On Tuesday night, the Republican National Convention aired powerful testimony from pro-life activist Abby Johnson that majorly triggered Washington Post gender columnist Monica Hesse.
Johnson (pictured right) is a former Planned Parenthood director turned pro-life activist whose story about quitting the abortion industry after witnessing an ultrasound abortion on a 13-week-old preborn baby was told in the 2019 motion picture Unplanned.
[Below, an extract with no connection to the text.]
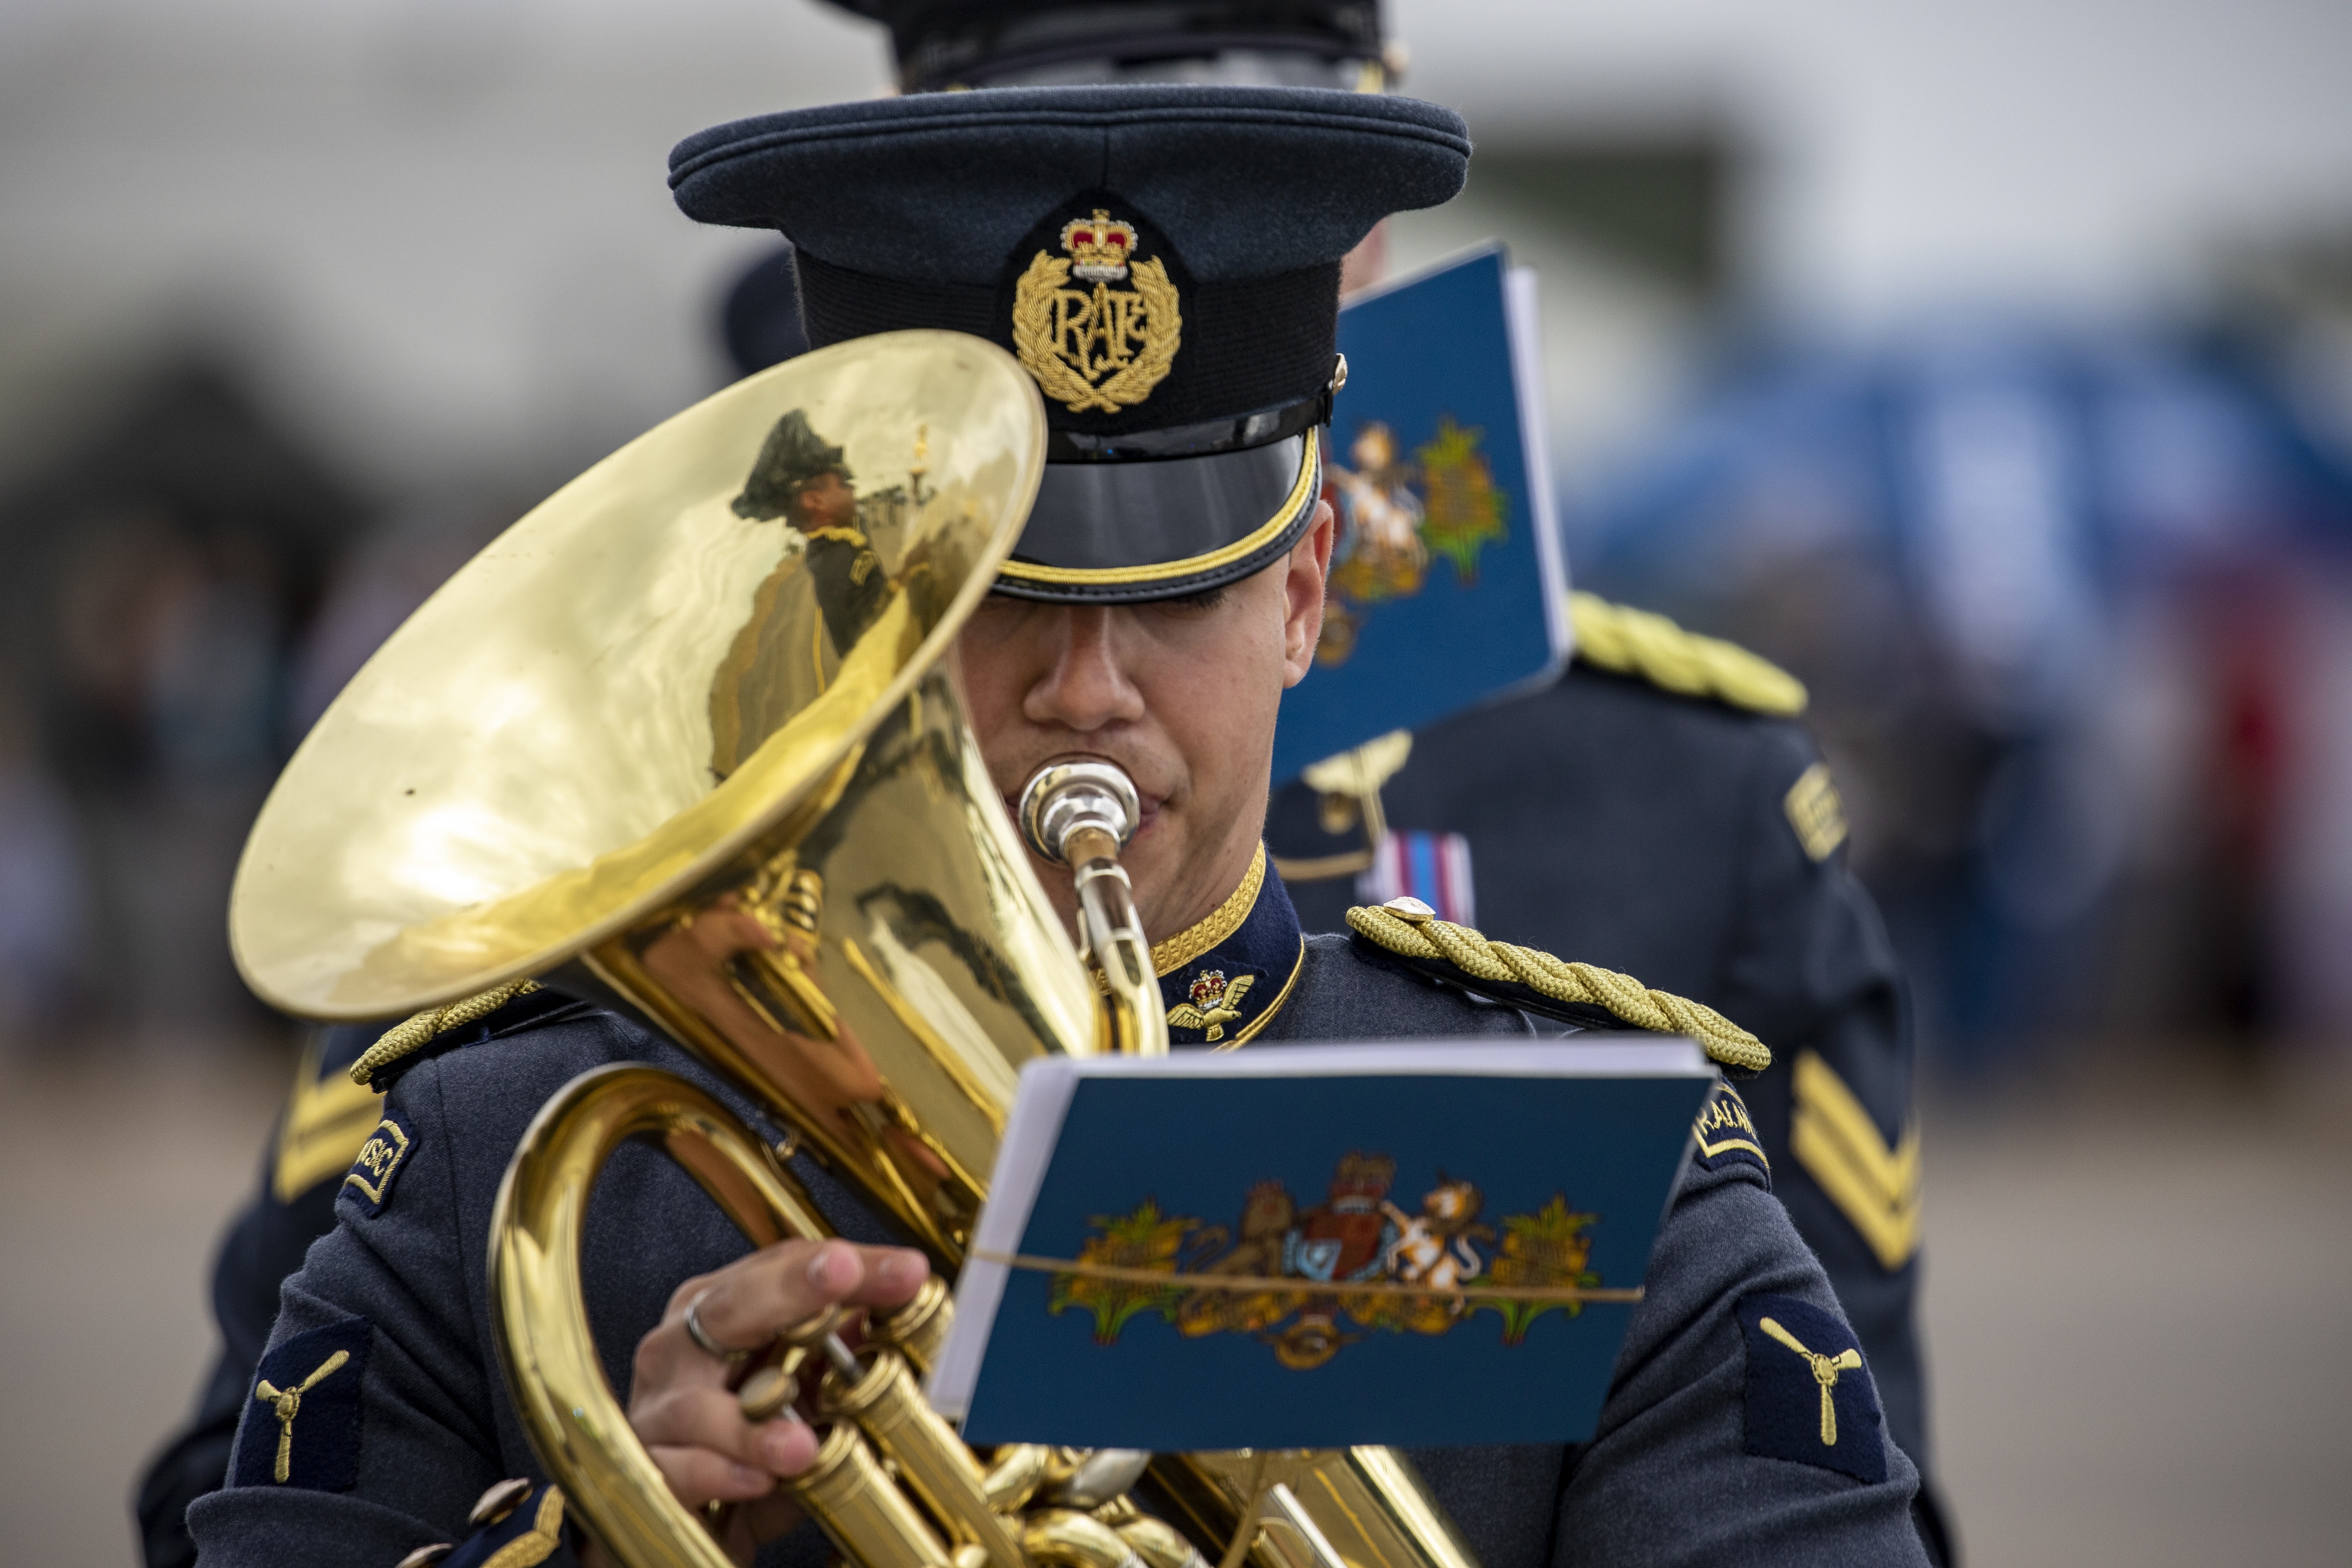 Families’ Day was accompanied by the Band of the RAF College Cranwell

At the RNC, she shared the details of that moment: “Nothing prepared me for what I saw on the screen – an unborn baby fighting back, desperate to move away from the suction.”
Pro-abortion activists were aghast that the stark realities of abortion that they so fastidiously try to hide were given a national primetime audience, with Hesse huffing on August 26 that it was “one of the more audacious attacks on reproductive rights ever to appear at a political convention.” In fact, the headline to her article read, “Trying to disgust you is the only move the Republican convention’s antiabortion speakers have left.”
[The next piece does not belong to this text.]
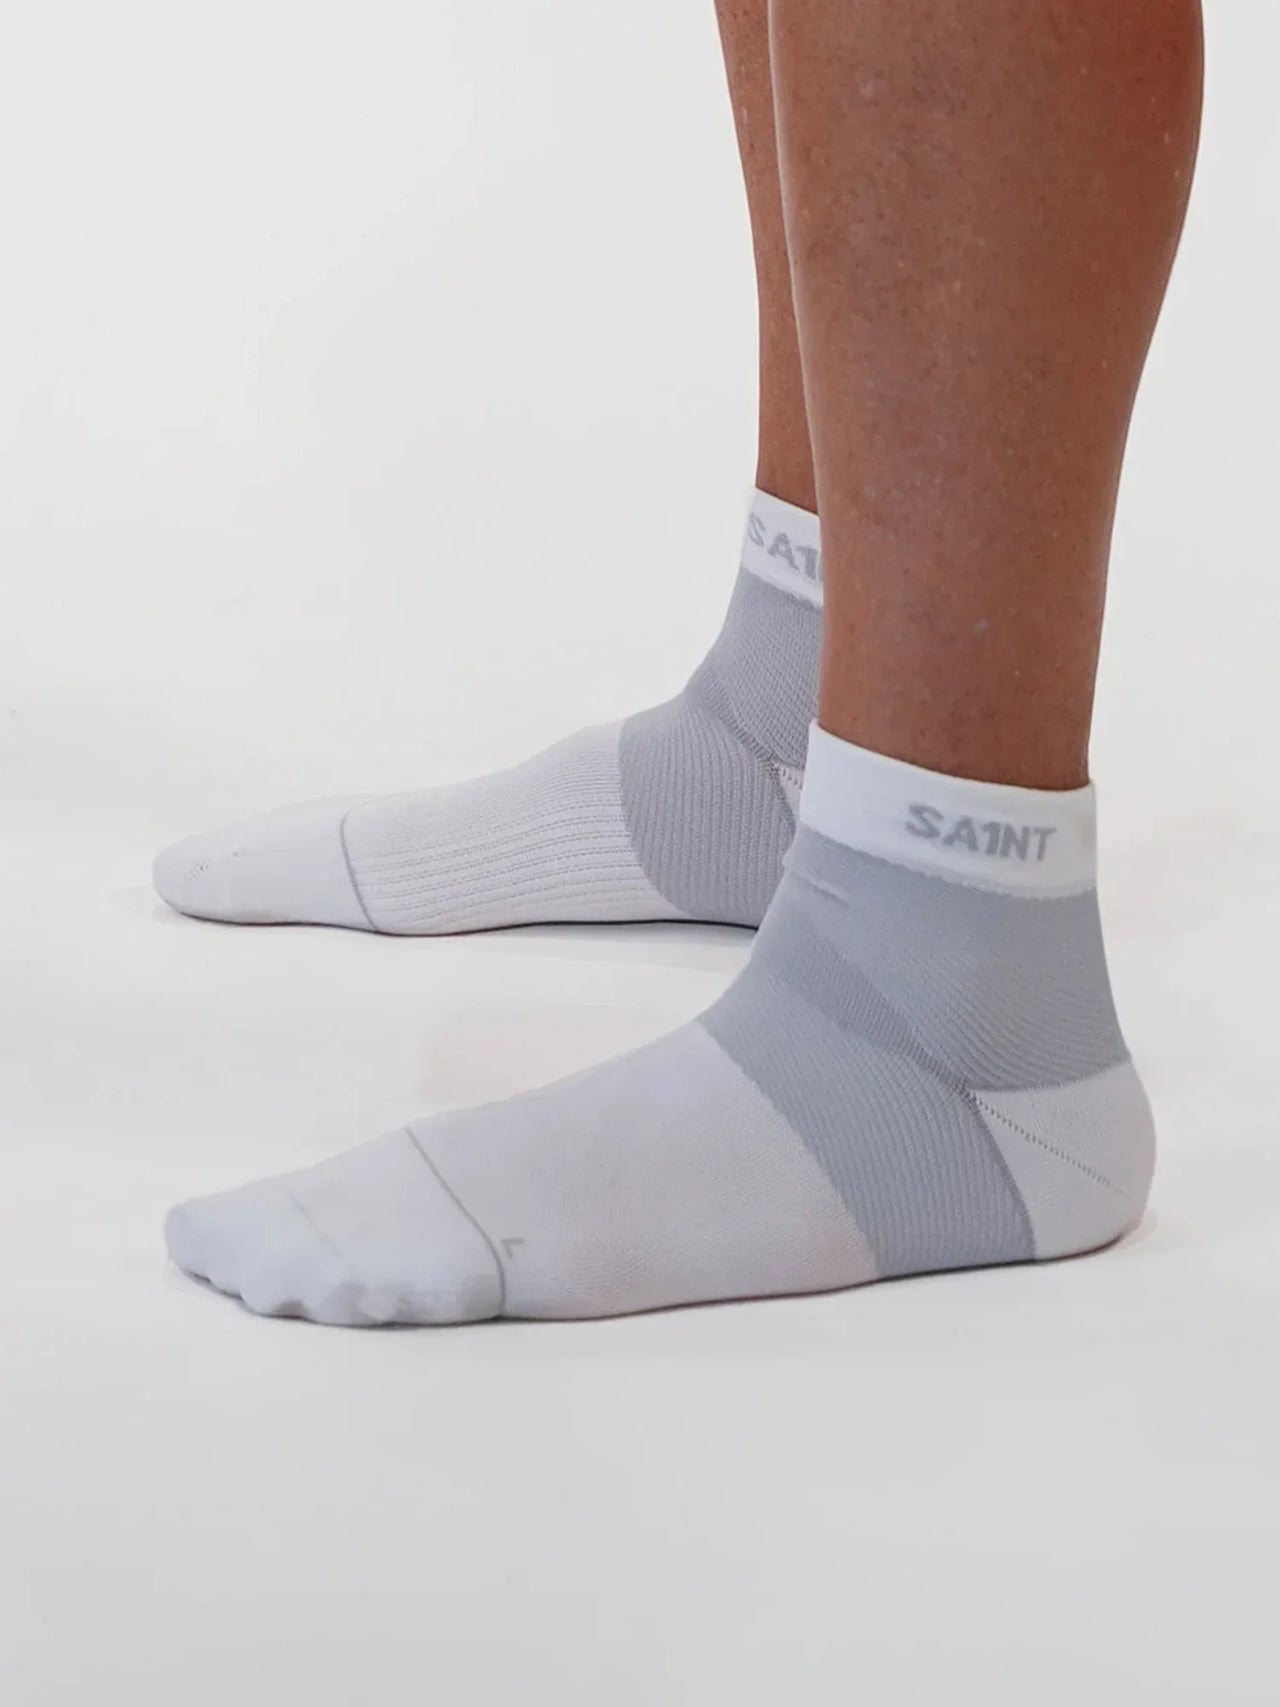 **Low-Cut Ankle Support Socks - White**

Hesse complained, “She described the incident in dramatic terms: ‘The last thing I saw was a spine twirling around in the mother’s womb before succumbing to the force of the suction,’” but didn’t dispute the gut-wrenching description other than to note that pro-abortion activists have tried to cast doubt on Johnson’s story.
She seemed to especially chafe at the “ludicrous” suggestion that abortion has a smell, citing her experience “[a]s a reporter covering women’s health care” who has “witnessed at least 20” abortions, but still conceded: “There is a generic medical odor, chemicals and perhaps a whiff of blood, but nothing unique to the procedure.” …so, there IS a smell.
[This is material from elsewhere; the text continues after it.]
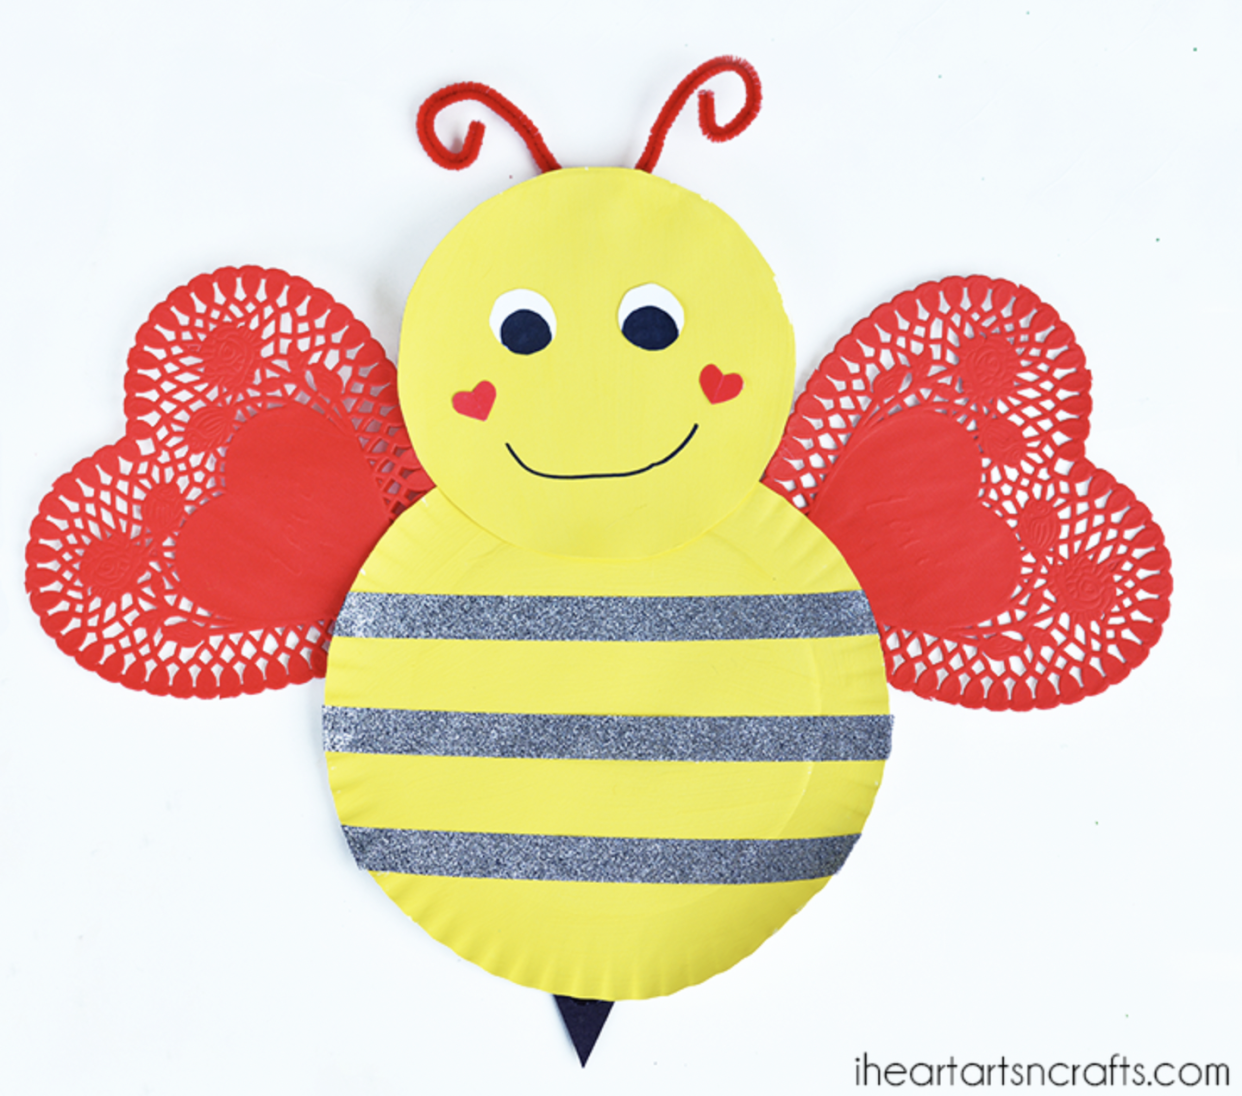 doily bumble bee valentines day crafts for kids

In her speech to the nation, Johnson spoke of “the Products of Conception room in abortion clinics, where infant corpses are pieced back together to ensure nothing remains in the mothers” and how they “joked and called it the ‘Pieces of Children’ room.”
Hesse affirmed this happens but tried to spin it as a good thing:
As for one of her other seemingly horrifying claims, that doctors piece together fetal remains to make sure the abortion is complete — that’s true. But it’s not some ghoulish jigsaw puzzle done on a lark. It’s because an incomplete abortion could be dangerous to a patient’s health, and abortion doctors care about women’s lives. [Emphasis in original]
But Johnson never claimed this practice was done for no reason and Hesse completely misses the point – it’s not just a “clump of cells” as pro-abortion activists claim but a tiny human body with identifiable parts that is torn up in an abortion procedure, aka “pieces of children.”
And, yet, she claimed, “Johnson had to describe abortion as a horror show because the alternative would have been too banal to achieve the effect she desired,” and that “Americans are no longer as scandalized by the concept of abortion as they once were.”
Abortion is not banal and if Americans aren’t scandalized by abortion it’s because the truth of what happens during them has been covered up with euphemisms and dehumanizing language about the unborn, like dismissing them as “products of conception,” “a clump of cells,” or “fertilized eggs.”
Despite Hesse's protestations, abortion is a horror show and, on Tuesday night, millions of Americans learned why.